– И правда! Оставайся! – обрадовалась мать. Обежала избу взглядом. – Вон сколько места. На моей койке ляжешь, а я на печи. Хочешь отогреться – полезай ты на печь. В такую темь да непогодь идти и с дороги сбиться не ровен час.
– Что вы! – затревожилась Любаша. – Ребятишки на всю ночь рев подымут, если не приду… Нет, я быстренько добегу. Да и ветер теперь мне в спину будет. Совсем легко!.. Я уже привыкла к холоду…
Николка понял: дальше играть нельзя.
– Ладно уж… довезу! – вроде бы нехотя согласился. – И так и так отвечать придется… Еще замерзнет одна, опять же скажут: зачем отпустили?..
Любаша еще похрабрилась чуточку, но теперь только для виду, А сама рада-радешенька! Николка тоже прятал довольную улыбку, надевая шубняк. «Еще и дорогой поиграюсь», – думал. А что пурга, так это не в новинку ему. Даже интересно: проверит себя на выносливость. Весь день коченел на морозе: то за сеном ездил к стогам на луга, то за дровами для школы в лес. Можно сказать, до бесчувствия наработался. А теперь вот еще рейсик. «Посмотрим, Николка, какая броня у тебя, какой мощности сила воли!» – подбадривал себя паренек, ухарски надевая шапку.
Когда сын вышел запрягать лошадь, мать, проводив его любовным взглядом, начала расхваливать:
– Николка крепкий! Ничего не случится с ним. Весь в отца. Тому, бывало, что ни вьюжнее, то лучше. Бывало, и в лесу ночевал… Как медведь, смастерит себе берлогу, и хоть бы что! И в проруби каждую зиму купался. Поспорит с мужиками на поллитровку и – бултых! Никакая хворь его не брала.
Явился возчик. Вид его подтверждал похвалу матери. Голову держал высоко. Так боевито и кочет глядит, учуяв ястреба.
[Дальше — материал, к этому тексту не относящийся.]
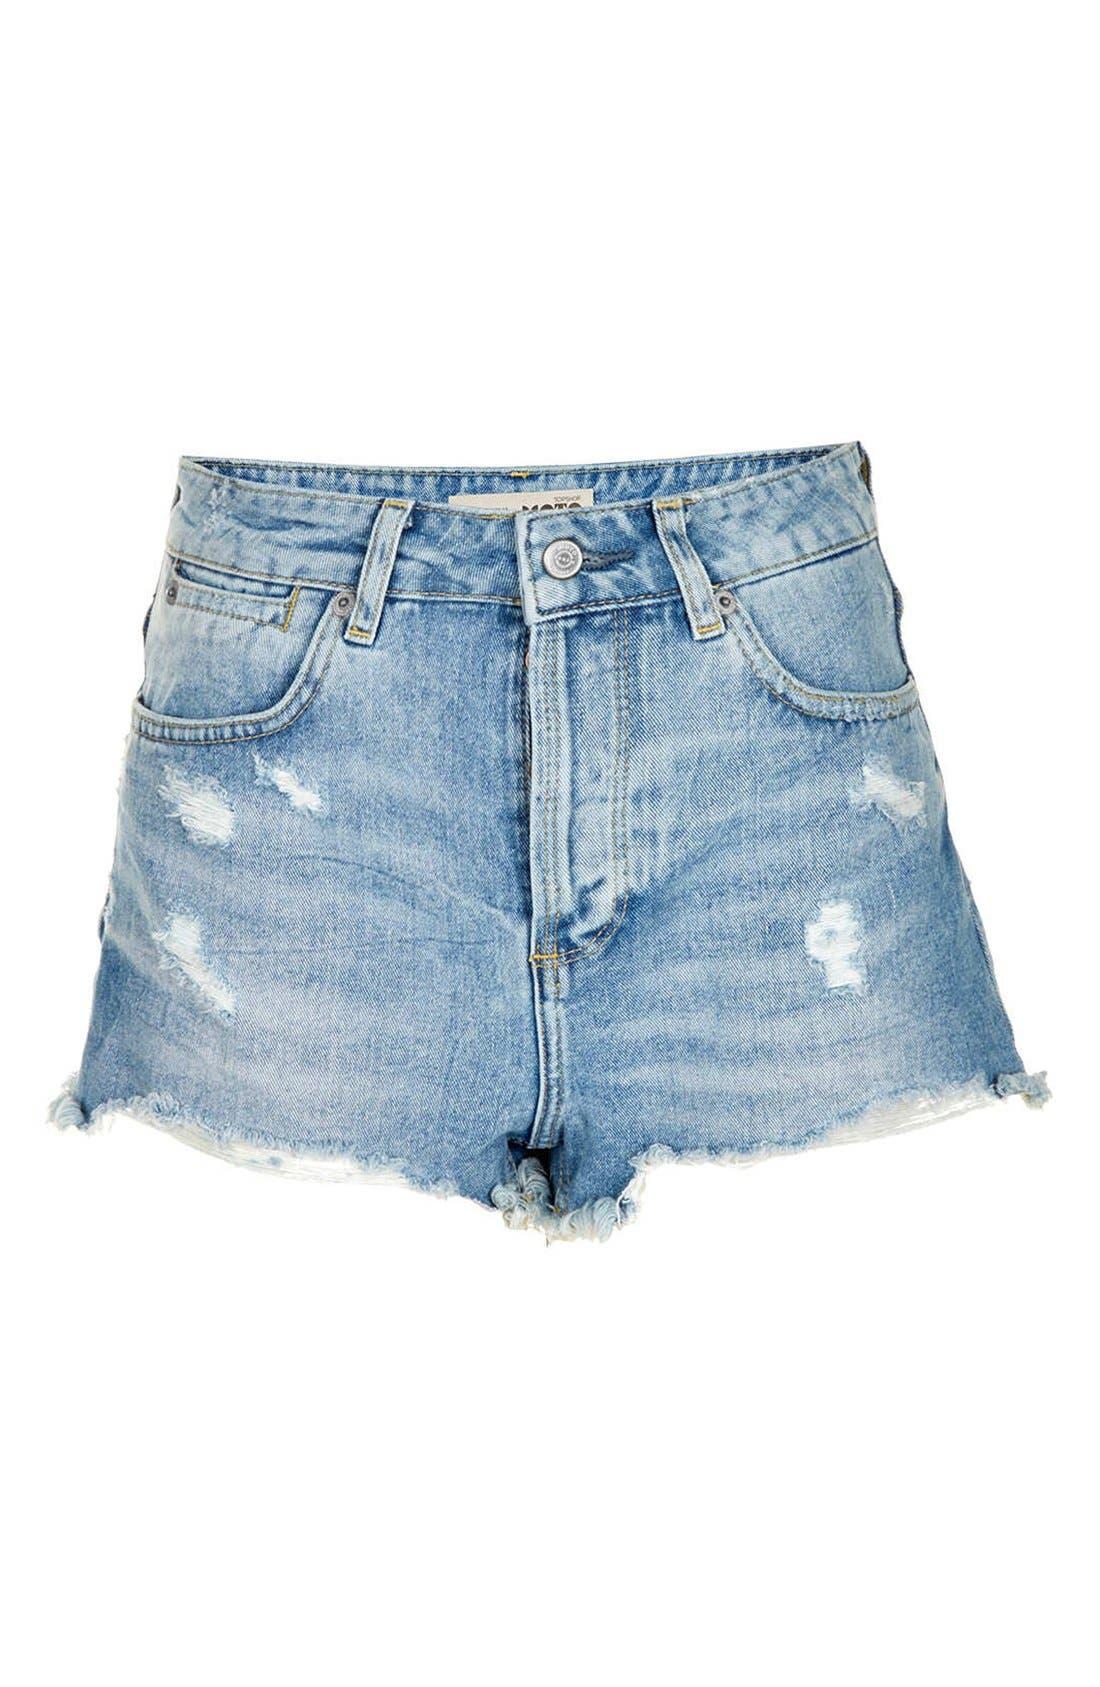 TOPSHOP,                             Moto 'Ruthie' Distressed Denim Shorts,                             Alternate thumbnail 4, color,                             420

– Собралась? Пошли! – подал команду. Нечего вроде того время терять.
Мать еще раз ужаснулась, взглянув на резиновые сапоги почтальонки. Не по погоде обувка-то! Торопливо сняла с себя совсем еще новенькие валенки и Любаше их.
– Надевай! Доедешь до дому, а обратно Николка захватит. Скидай же свою казню, пока ног не лишилась!..
– Верно! – поддакнул возчик. Сам он был тоже в валенках и поверх стеганки еще и шубняк.
Любаша до страха застеснялась. Перед матерью было стыдно разуваться, а перед Николкой теперь еще более.
– Нет, нет!.. Спасибо! Там же у меня меховушки еще, – сочиняла. – Теплее, чем в валенках мне!..
– Спасибо скажешь потом, как доедешь! Бери, говорю тебе!.. Наотрез отказалась.
Вышли на двор. И сразу снег в глаза и ветер чуть ли с ног не свалил. Николка вывел Бомбу за ворота. Пересиливая вой ветра, крикнул:
– Садись! – В голосе ни страху, ни мальчишества. Знал, что делал, что ждет их. Вроде ты вся в моей власти, и я за все ответчик.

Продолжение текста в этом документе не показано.